Özetle “Türkdil Hıristiyanlar”, Türk milliyetçiliğinin seküler ve etnik sınırlarının anlaşılması açısından önemli olup, öncelikle Türkçe konuşan farklı alfabeyle yazanlar öncelikli Türkçe ve Türk Felsefesi içindedir. Örneğin “Türkdil Anadolulu Ortodoks mübadillerin göç acısını, vatan hasretini ve asıl olarak da Yunanistan'da yerleştirildikleri mahallerdeki koşulları ve sıkıntıları dile getirdikleri Türkçe şiirlerinden bir seçki olan “Muhacirnâme-Karamanlı Muhacirler İçin Şiirin Sedası, (haz. Evangelia Balta ve Aytek Soner Alp, İstanbul: istos yayın, 2016) incelenebilir.
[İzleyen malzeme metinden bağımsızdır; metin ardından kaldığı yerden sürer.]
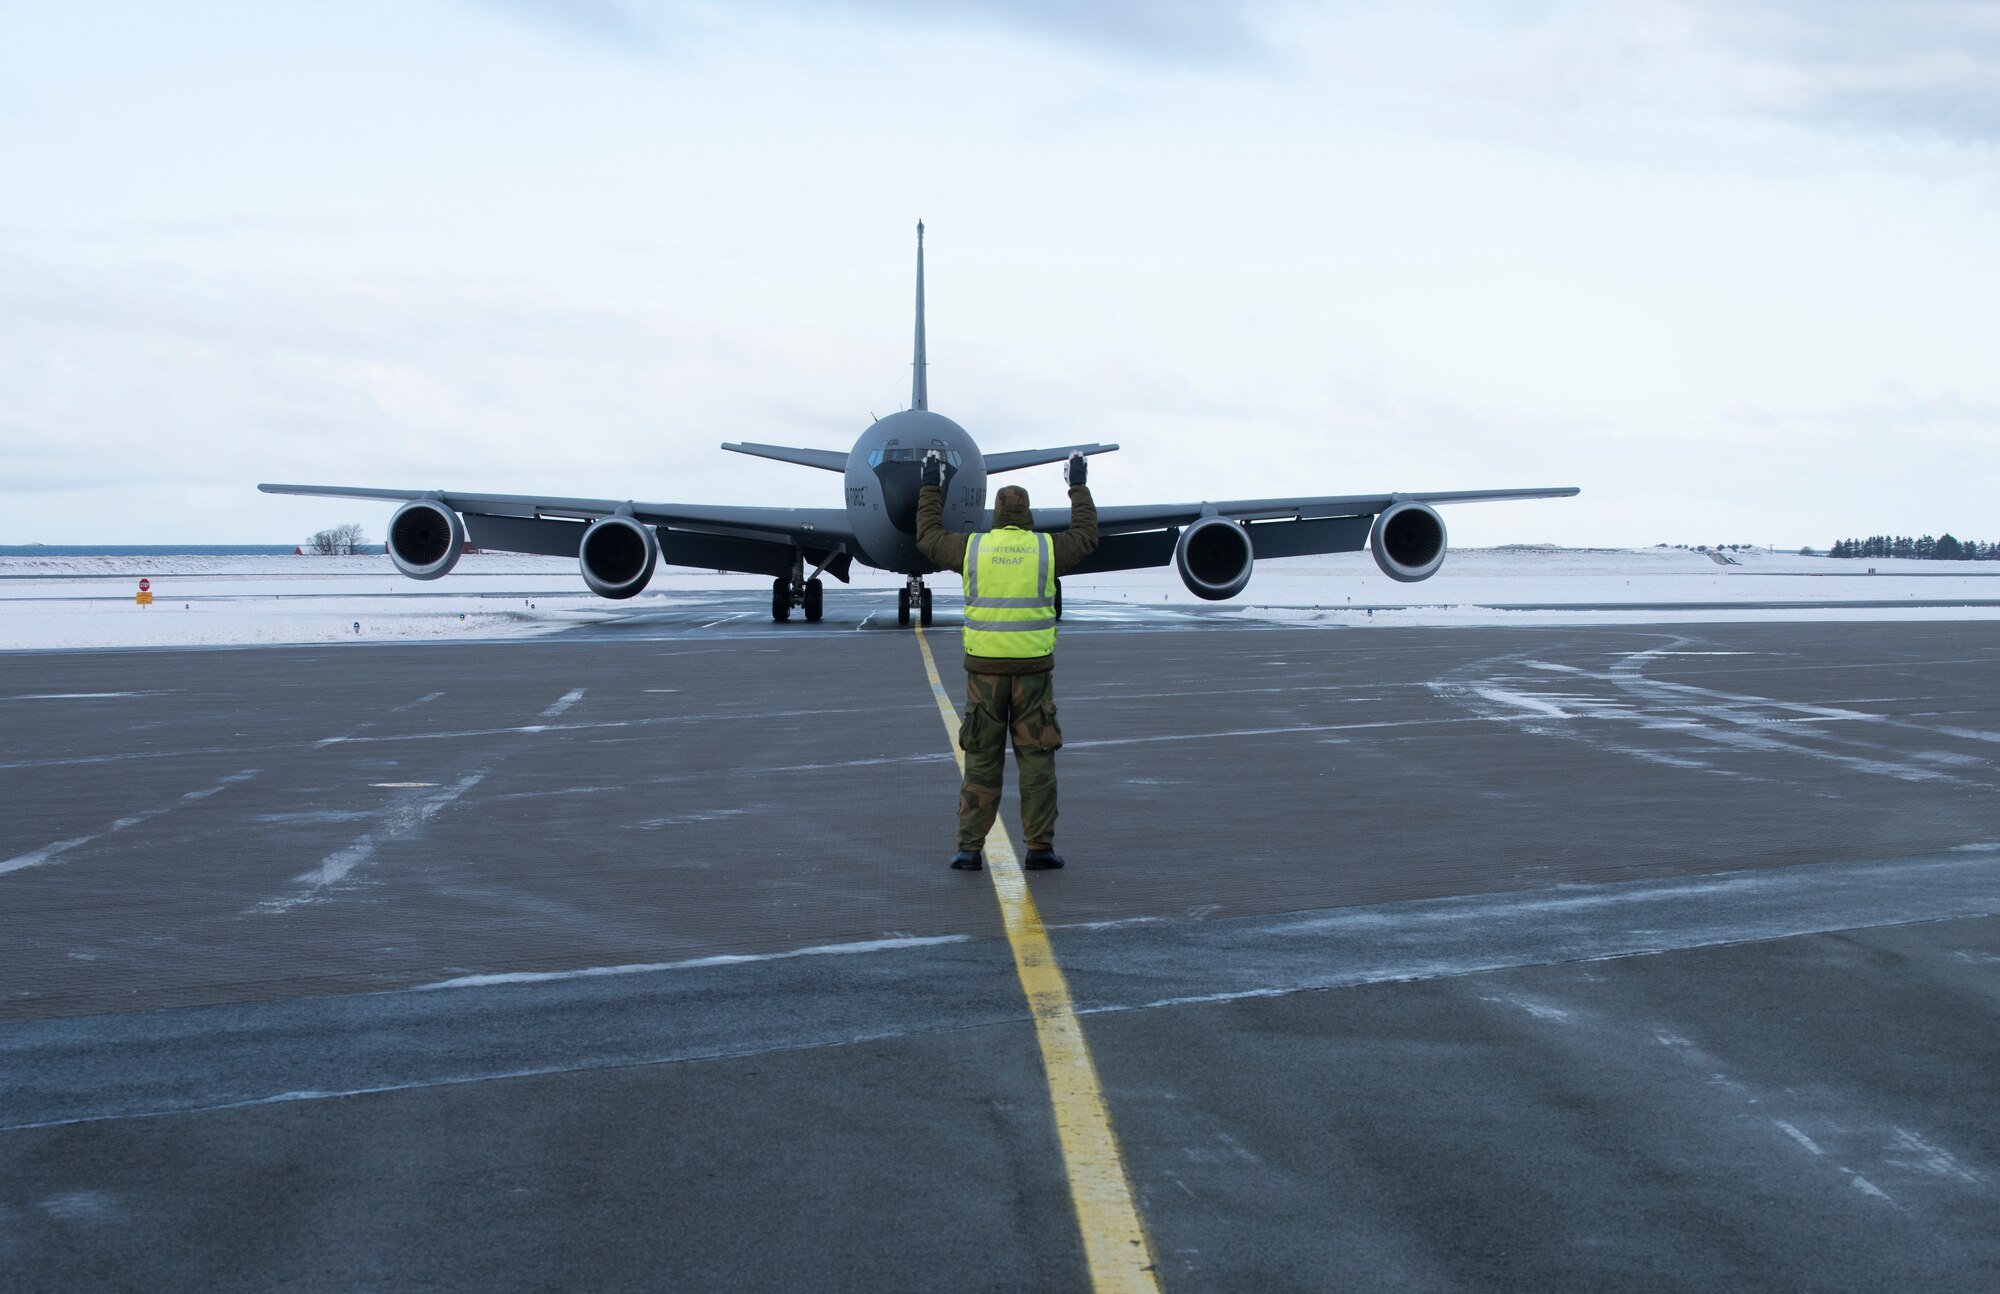 Airmen taxiing military refueling aircraft.

Başka dil ve dine mensup diğer Türklerin yazdıklarını da Türk aklının ürünü olarak görüp Türk Felsefesine katkı olarak değerlendirmenin de bu sekuler ve etnik sınırların anlaşılması açısından önemlidir.
Jeo-felsefe kavramını merkeze almamızın nedeni de tam olarak da budur. Çünkü “Balkanlar’da Türkdilli olan ve Türkçe yazmak için Kiril alfabesini kullanan Slav topluluklar mevcuttu. Hatta Türkçe yazmak için Ermeni alfabesini kullanan, Türkçe konuşan Ermeniler Anadolu’daki Ermeni nüfusunun önemli bir bölümünü oluşturuyordu. (Foti Benlisoy-Stefo Benlisoy, Türk Milliyetçiliğinde Katedilmemiş Bir Yol, Hıristiyan Türkler ve Papa Eftim, (İstanbul: İstos Yayınevi, 2016), 8-11, 348
Sonuç olarak, Türk Müslümanlık Tasavvurunu Arap ve Fars Aklının ürettiği tasavvurdan farkını korurken, Hz. Muhammed (sav) getirdiği sistemden önceki Peygamberlerin öğretisine sahip olan Türklerin de farklı alfabeyle Türkçe ürettiklerini Türkçe Felsefe ve Türk Felsefesi içinde, farklı dil ile ürettiklerini de Türk Felsefesi içinde görülmesi gerektiğini söylüyoruz.